The precise mechanism by which remdesivir affects the virus's RNA chain is not fully understood, and whether it terminates the RNA chain or leads to specific mutations is a subject of ongoing research and investigation. Nonetheless, its interference with the replication process has demonstrated efficacy in reducing virus production and replication, contributing to its potential as a treatment for COVID-19. [24]. Similar to any other medication, Remdesivir has been reported to have associated adverse effects (AEs), some of which are linked to its usage. The prevalent side effects observed in Remdesivir studies for COVID-19 consist of respiratory failure and organ dysfunction. These effects encompass conditions such as decreased levels of albumin, potassium, red blood cells, and platelets (which contribute to clotting). Additionally, an observable yellow discoloration of the skin has also been noted. [25]. Reported adverse effects encompass gastrointestinal disturbances, elevated levels of transaminases in the bloodstream (liver enzymes), as well as reactions at the injection site. [26]. Additional potential side effects associated with remdesivir administration include injection-related reactions. These reactions, which may manifest during or near the time of remdesivir injection, have been noted to entail symptoms such as low blood pressure, nausea, vomiting, sweating, and chills. [26]. Increased levels of liver enzymes, as indicated by abnormal liver blood test results, have been documented. People who have received remdesivir have demonstrated elevated levels of liver enzymes, potentially indicating inflammation or harm to liver cells. [26].
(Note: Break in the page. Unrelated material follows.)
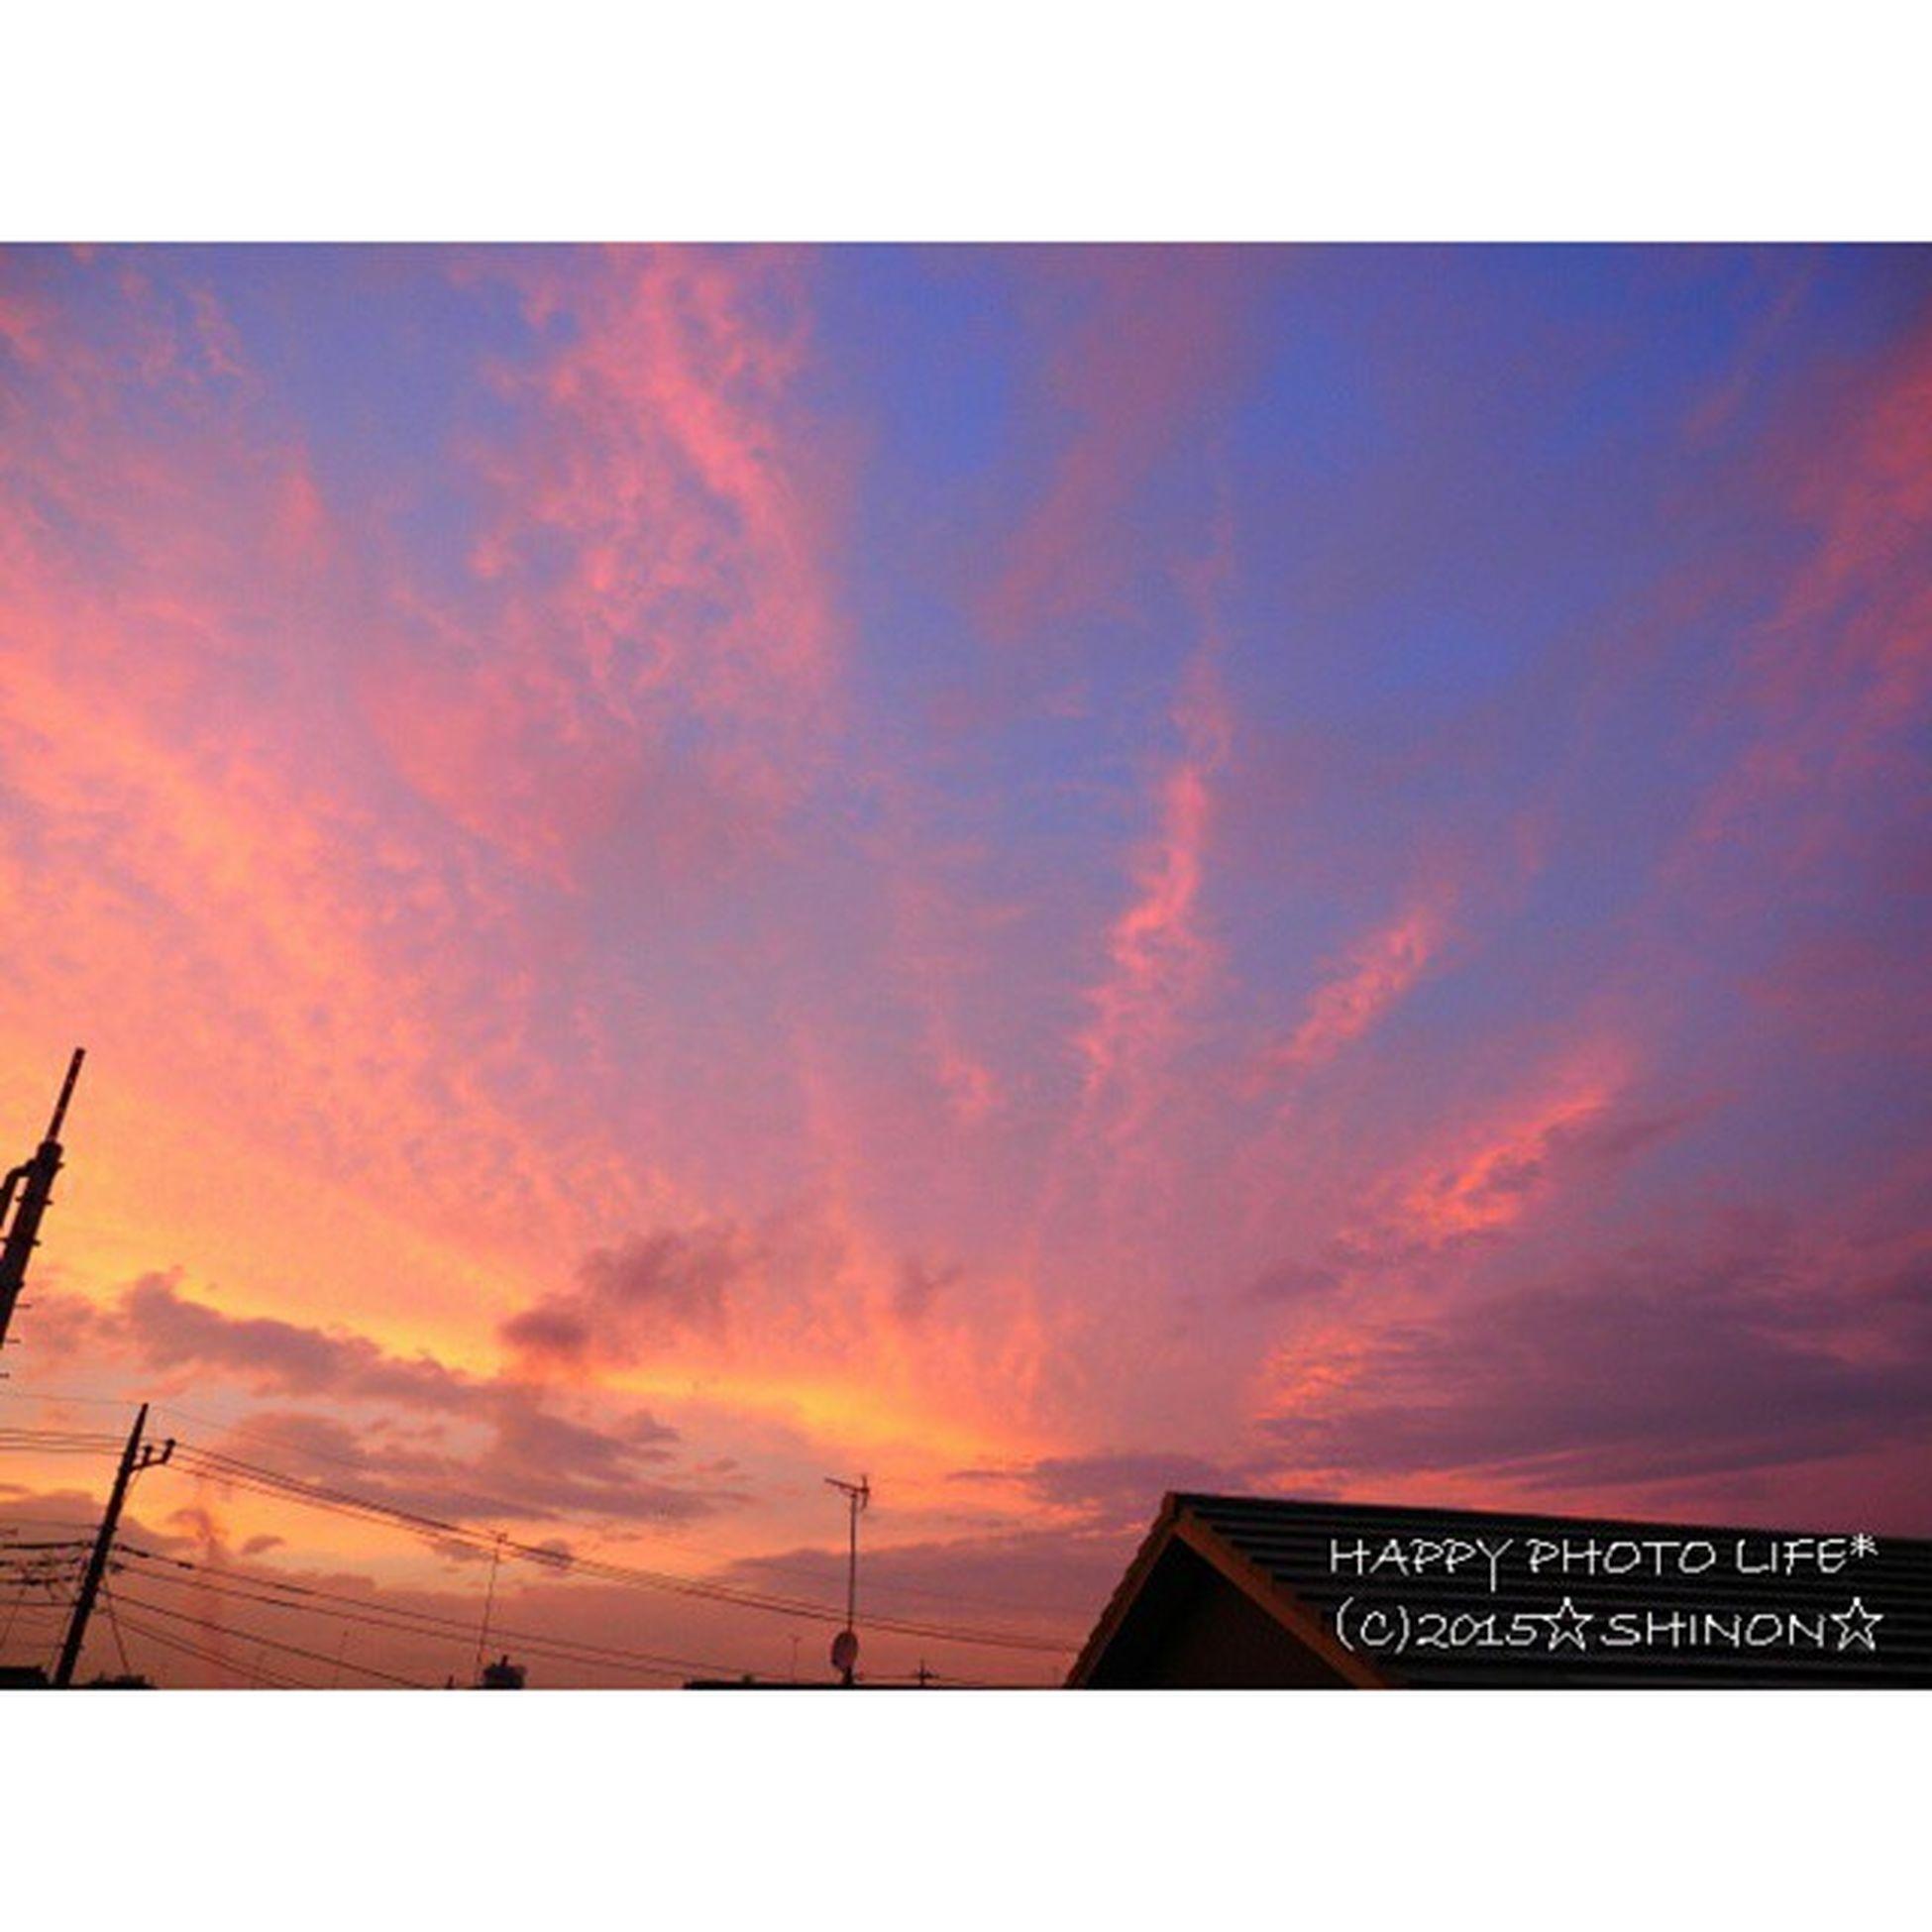 2015.06.28. * 今日も1日お疲れ様 明日も楽しい1日になりますように * 空 夕暮れ 昨日の空 Sky olympus om_d e_m1 my_pic

Our study was designed to assess the efficacy of the antiviral medication remdesivir in treating individuals with novel COVID-19 infection, both in cases accompanied by diabetes mellitus and those without. While the discovery of COVID-19 vaccines has undoubtedly overcome several hurdles in the realm of treatment, the need for a potent and rapid response through a dedicated therapeutic agent remains pertinent.